Let’s talk about a situation that we’ve all likely experienced at some point in our lives. You walk into your boyfriend’s room, and there he is, lying in bed with one hand down his pants, taking a self-guided tour in O-face land.

It’s a scene that’s all too familiar, but one that often leaves girls feeling angry and frustrated. And let me tell you, that anger is justified.

First of all, male masturbation is unique in the world of sexuality in that it is entirely about centering male pleasure. This undermines the very concept of sex. Most importantly, male masturbation entirely disregards the needs and desires of females. As well, him ‘spending’ himself in this pointless way also diminishes any potential partners’ opportunities for a satisfying sex act later on.

I shouldn’t have to point out that selfish behavior has no place in a healthy, loving relationship.

But it’s not just the fact that male masturbation centers male pleasure that makes it problematic. The act of male masturbation is also linked to violent fantasies. Studies have shown that a significant portion of men’s sexual fantasies involve violence, domination, and control. This is deeply troubling and reinforces the toxic ideals of masculinity that are so prevalent in our society.

Another issue with male masturbation is that it can often be a gateway to cheating. While in the act of choking the chicken, men feel free to take non-consensual lovers all over the place, without their partner’s knowledge or consent. This means that they are not only disregarding their partner’s feelings and desires, but they are also betraying the trust and commitment that is necessary for a healthy relationship.

It’s important to note here that cheating is not just a physical act, it’s a violation of trust and a betrayal of the commitment made between partners. When men polish their own banisters without oversight from a partner, it’s a clear indication that they are not committed to the relationship and are disregarding their partner’s feelings and desires. This behavior is not only unacceptable, but it can also lead to serious emotional and psychological damage for the partner who is being betrayed.
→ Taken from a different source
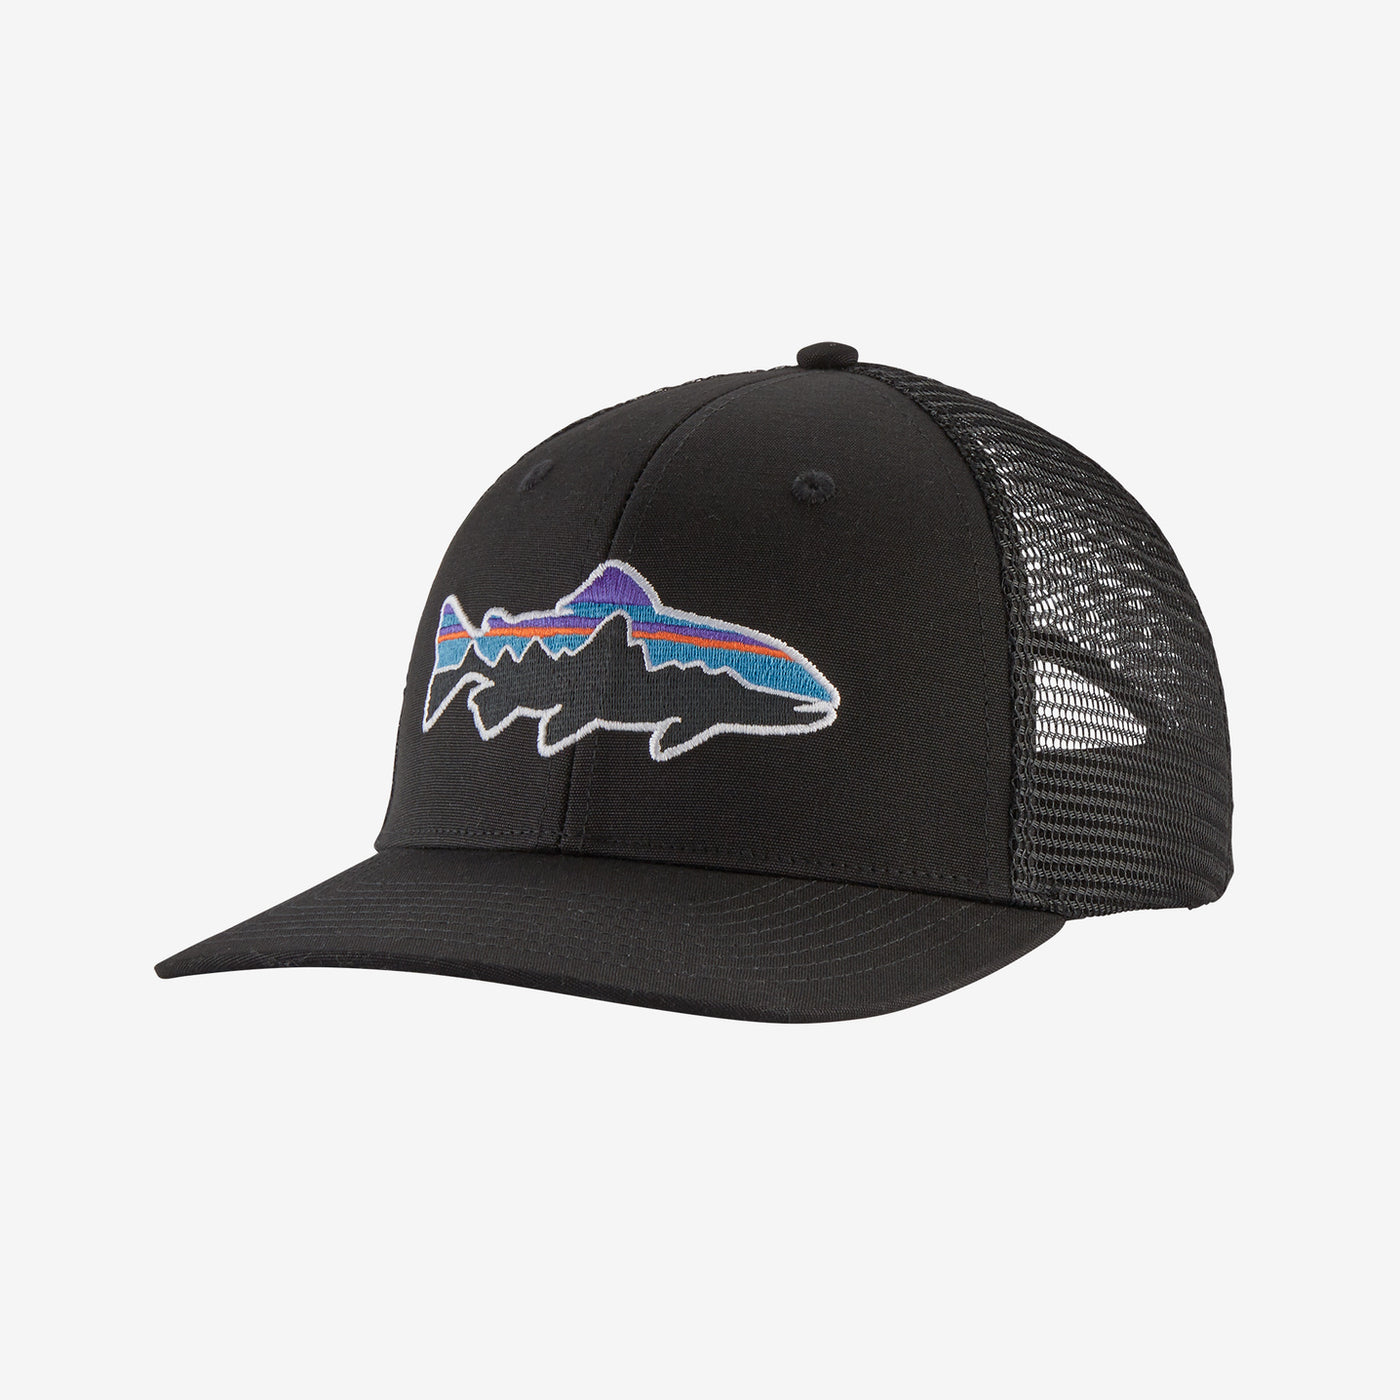 Patagonia Fitz Roy Trout Trucker Hat-Men's Accessories-Black-Kevin's Fine Outdoor Gear & Apparel

And, by the way, cheating is automatically a form of non-consensual behavior. The partner who is being cheated on has not given their consent for their partner to engage in sexual behavior with someone else. This is a violation of their agency and a disregard for their autonomy. It’s important to stand up against all forms of non-consensual behavior and to fight for the rights of all individuals to make their own choices about their sexuality.

Related: Why is it ok to assume consent during fantasies?

Female masturbation, on the other hand, is less frequently violent in nature, and often focuses on self-exploration and pleasure — usually together with her partner. And even if a woman’s fantasies did include violent components, she has no power to enact them in this system. This makes female masturbation a safer form of self-expression and pleasure that is not intersecting with any of the problematic areas above.

Men were more likely to fantasize about sex with multiple partners at the same time, while women’s fantasies were more likely to include their significant other.

So, the next time you catch your boyfriend engaging in this self-centered and potentially dangerous act, don’t be afraid to speak up. Express your anger and frustration and let him know that this kind of behavior is not acceptable in a relationship that values equality and mutual respect.

Related: 7 creative ‘man-ipulation’ tactics to get back at a toxic BF

Male masturbation is anti-feminist and has no place in a modern healthy sexuality. It’s time for men to start rethinking the way they approach sexuality and, for the first time in history, consider the impact their actions have on others. We’re not asking for much.